経営者の視点による当社グループの経営成績等の状況に関する認識及び分析・検討内容は以下のとおりです。なお、文中の将来に関する事項は、当中間連結会計期間の末日現在において当社グループが判断したものであります。
(1)財政状態及び経営成績の状況
当中間連結会計期間において、アジアを中心とした輸出の増加や個人消費の増加などによって世界経済は引き続き底堅さを維持しました。世界経済の先行きも、中東情勢などの地政学的リスクの高まりなどによって物価上昇の潜在的なリスクはあるものの、底堅さを示しました。

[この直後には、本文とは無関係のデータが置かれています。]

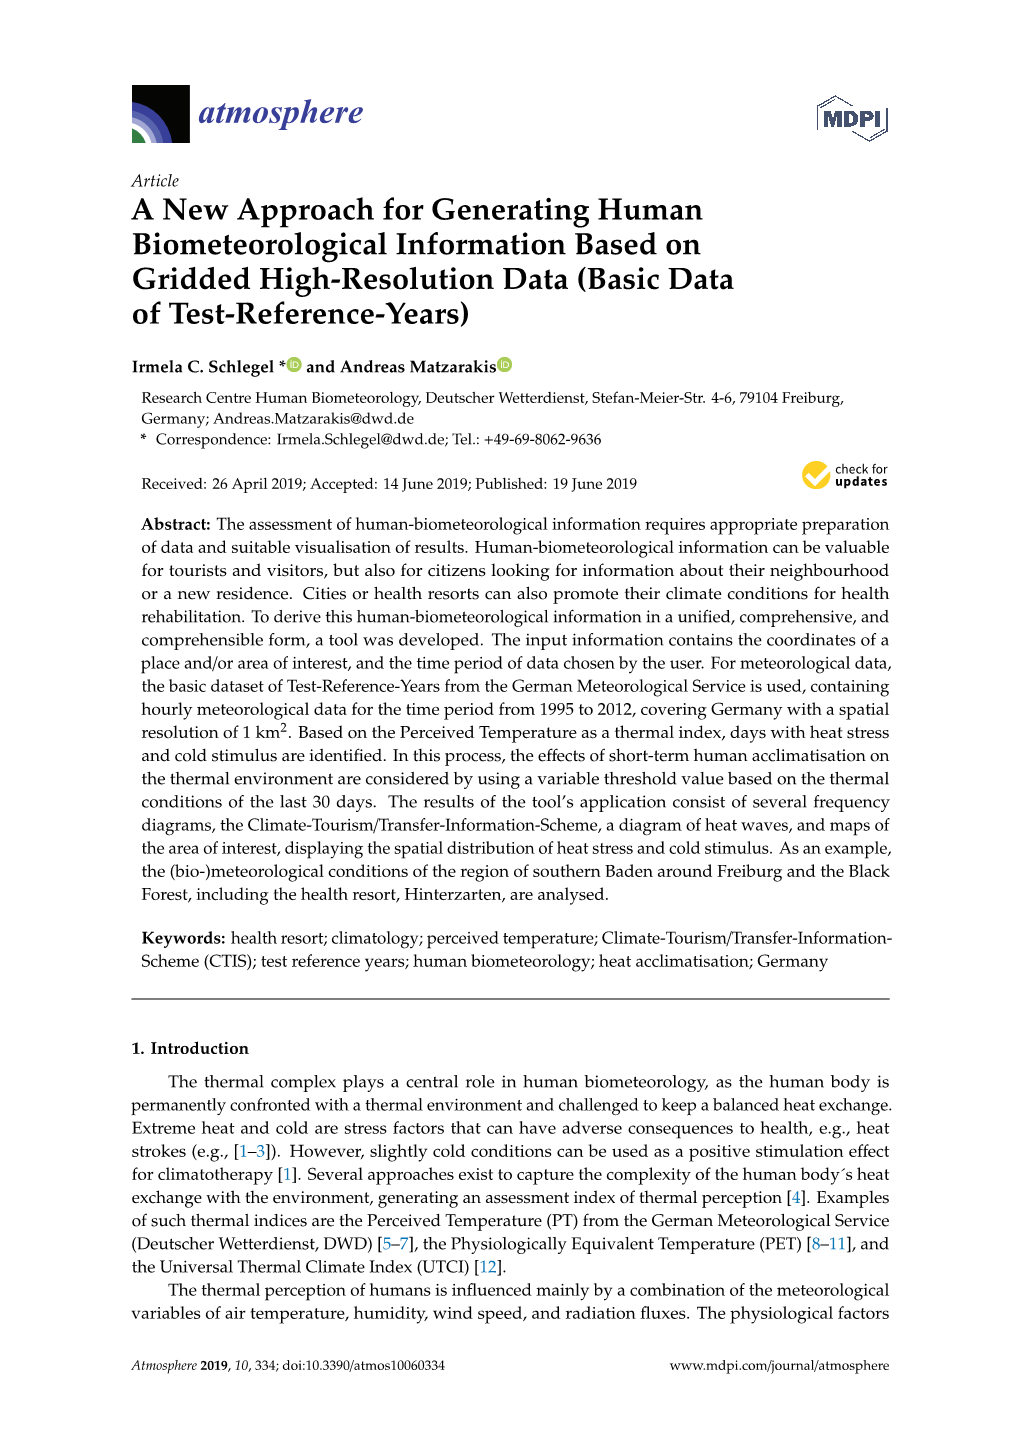 A New Approach for Generating Human Biometeorological Information Based on Gridded High-Resolution Data (Basic Data of Test-Reference-Years)

このような状況のなか、当社グループの総合エンジニアリング事業の海外マーケットにおいて、エネルギーソリューションズ分野(石油精製、石油化学・化学、ガス処理、液化天然ガス(LNG)等)では、エネルギー安全保障と低・脱炭素化の両立の観点から、環境負荷が比較的少ない天然ガス(LNGを含む)の需要は引き続き高く、産油・産ガス諸国において新設のみならず既設プラントの増設・改造などの設備投資計画が進展しました。サステナブルソリューションズ分野(水素・燃料アンモニア、小型モジュール原子炉(SMR)、スペシャリティケミカル、ケミカルリサイクル、グリーンケミカル等)では、低・脱炭素化に向けた各国の政策や支援が後押しし、水素・燃料アンモニア、CCS(Carbon dioxide Capture and Storage:CO2の回収・貯留)などの領域において、実現に向けた設備投資計画が前進するなどしました。ファシリティソリューションズ分野(半導体、蓄電池、データセンター、発電、受入基地、医薬、医療、水処理、鉄道等)では、デジタル社会の進展や米国の対中政策等に伴い需要が高まる半導体材料や、蓄電池部材、データセンターなど、デジタル産業を支えるインフラ施設や関連施設の設備投資計画がアジアなどを中心に着実に進展しました。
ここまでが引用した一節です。